Ericsson CTO Erik Ekudden’s view on network robustness

Beyond the enhanced robustness that it provides for existing mobile broadband services, the 5G System also supports new use cases with stringent requirements on reliability, availability and resilience. In practical terms, this means that enterprises with business-critical use cases in segments such as manufacturing, ports and automotive have a golden opportunity to take a major step forward in their digitalization journeys with the 5GS. Mission-critical networks for national security and public safety will also benefit.

This article provides an overview of what we call the 5GS robustness toolbox, which consists of both standardized and vendor-specific network features and mechanisms. Network operators have full flexibility to activate the features and mechanisms that are most appropriate for each particular use case and/or deployment variant and can even choose different mechanisms for different user equipment within a single network.

November 11, 2021

Authors: Jari Vikberg, Göran Hall, Torbjörn Cagenius, Richard Wang, Johan Schultz

Download article as pdf

5GS – 5G System
AMF – Access and Mobility Management Function
APN – Access Point Name
BE – Back-End
cMTC – Critical Machine-Type Communication
CP – Control Plane
CSP – Communication Service Provider
CUPS – Control and User Plane Separation (of EPC nodes)
DC – Data Center
E2E – End-to-End
EPC – Evolved Packet Core
FE – Front-End
HSS – Home Subscriber Server
ISP – In-Service Performance
MBB – Mobile Broadband
MME – Mobility Management Entity
NAS – Non-Access Stratum
NF – Network Function
NG-RAN – Next-Generation RAN
NRF – Network Repository Function
pCell – Primary Cell
PCF – Policy Control Function
PCRF – Policy and Charging Rules Function
PDU – Protocol Data Unit
PGW – Packet Data Network Gateway
RFF – Radio Frequency Function
RRC – Radio Resource Control
SAU – Simultaneously Attached Users
SMF – Session Management Function
SPOF – Single Point of Failure
UDM – User Data Management
UDR – User Data Repository
UE – User Equipment
UP – User Plane
UPF – User Plane Function
URLLC – Ultra-Reliable Low-Latency Communication

The concept of network robustness – a combination of reliability, availability and resilience – is a longstanding cornerstone in the design and development of mobile networks. Among other benefits, network robustness ensures a high level of performance for mobile broadband (MBB), including voice service.

As user dependence on apps and mobile services increases, the need for robust networks continues to grow and expand into new areas. Recent examples include the replacement of fixed residential subscriptions for voice and emergency calls with mobile subscriptions, and the increased dependency on smartphone apps for everything including community service, public health care, instant news updates, electronic airplane tickets, mobile banking and payments for both consumers and enterprises.
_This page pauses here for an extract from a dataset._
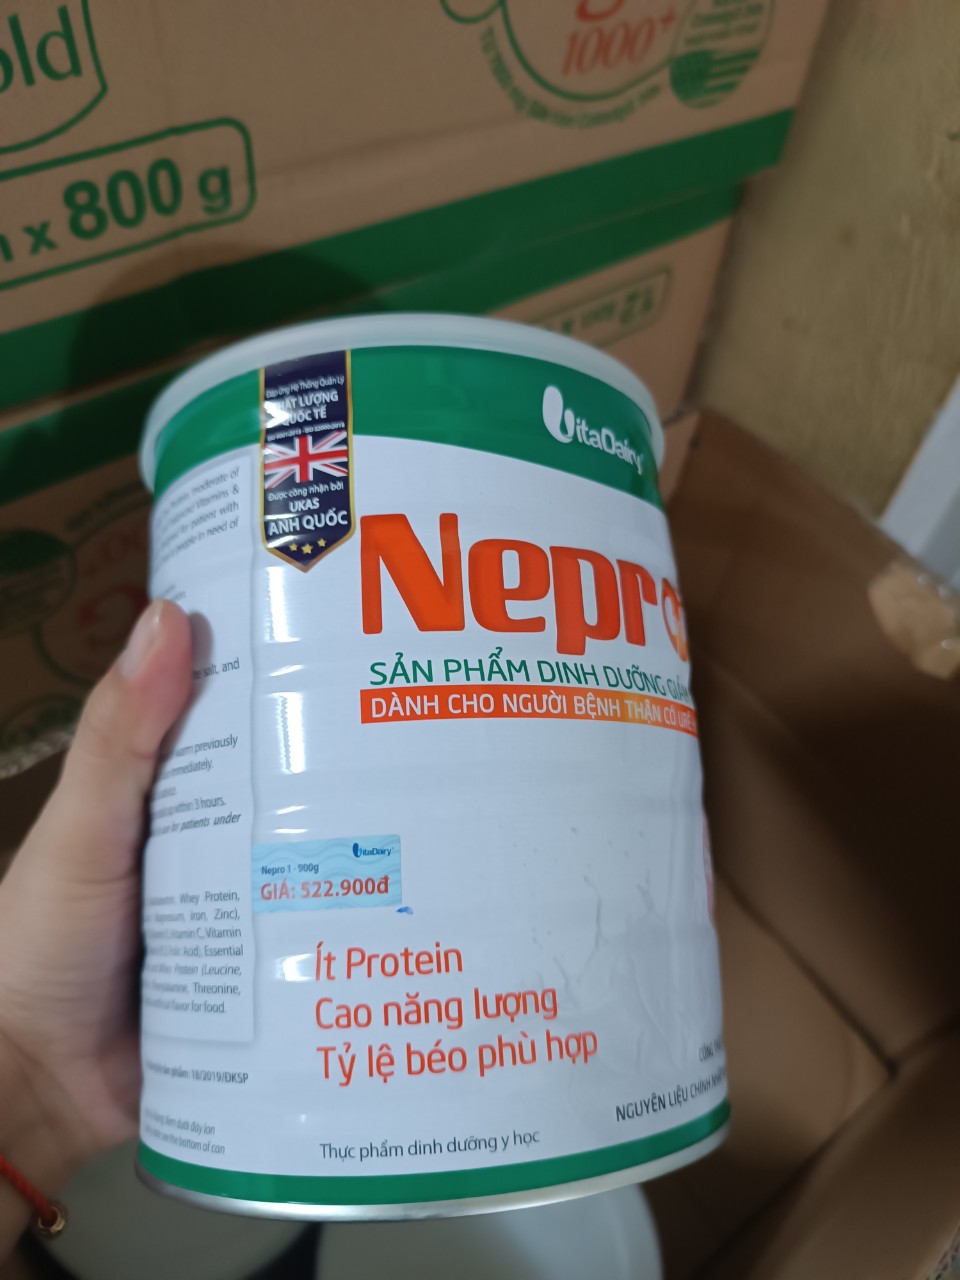 Sữa Nepro 1 900g dành cho người bệnh thận

The 5G System (5GS) has been designed to provide the robustness required to support the growth of conventional MBB services, while also offering network support to new business segments and use cases with more advanced requirements in terms of reliability, availability and resilience. Consisting of the 5G Core (5GC), the Next-Generation RAN (NG-RAN) and the user equipment (UE), the 5GS delivers new capabilities that enable enterprises with business-critical use cases in segments such as manufacturing, ports and automotive [1, 2] to take a major step forward in their digitalization journeys by replacing older means of communication with the 5GS. These new capabilities are also beneficial for mission-critical networks like national security and public safety deployments that are currently being modernized.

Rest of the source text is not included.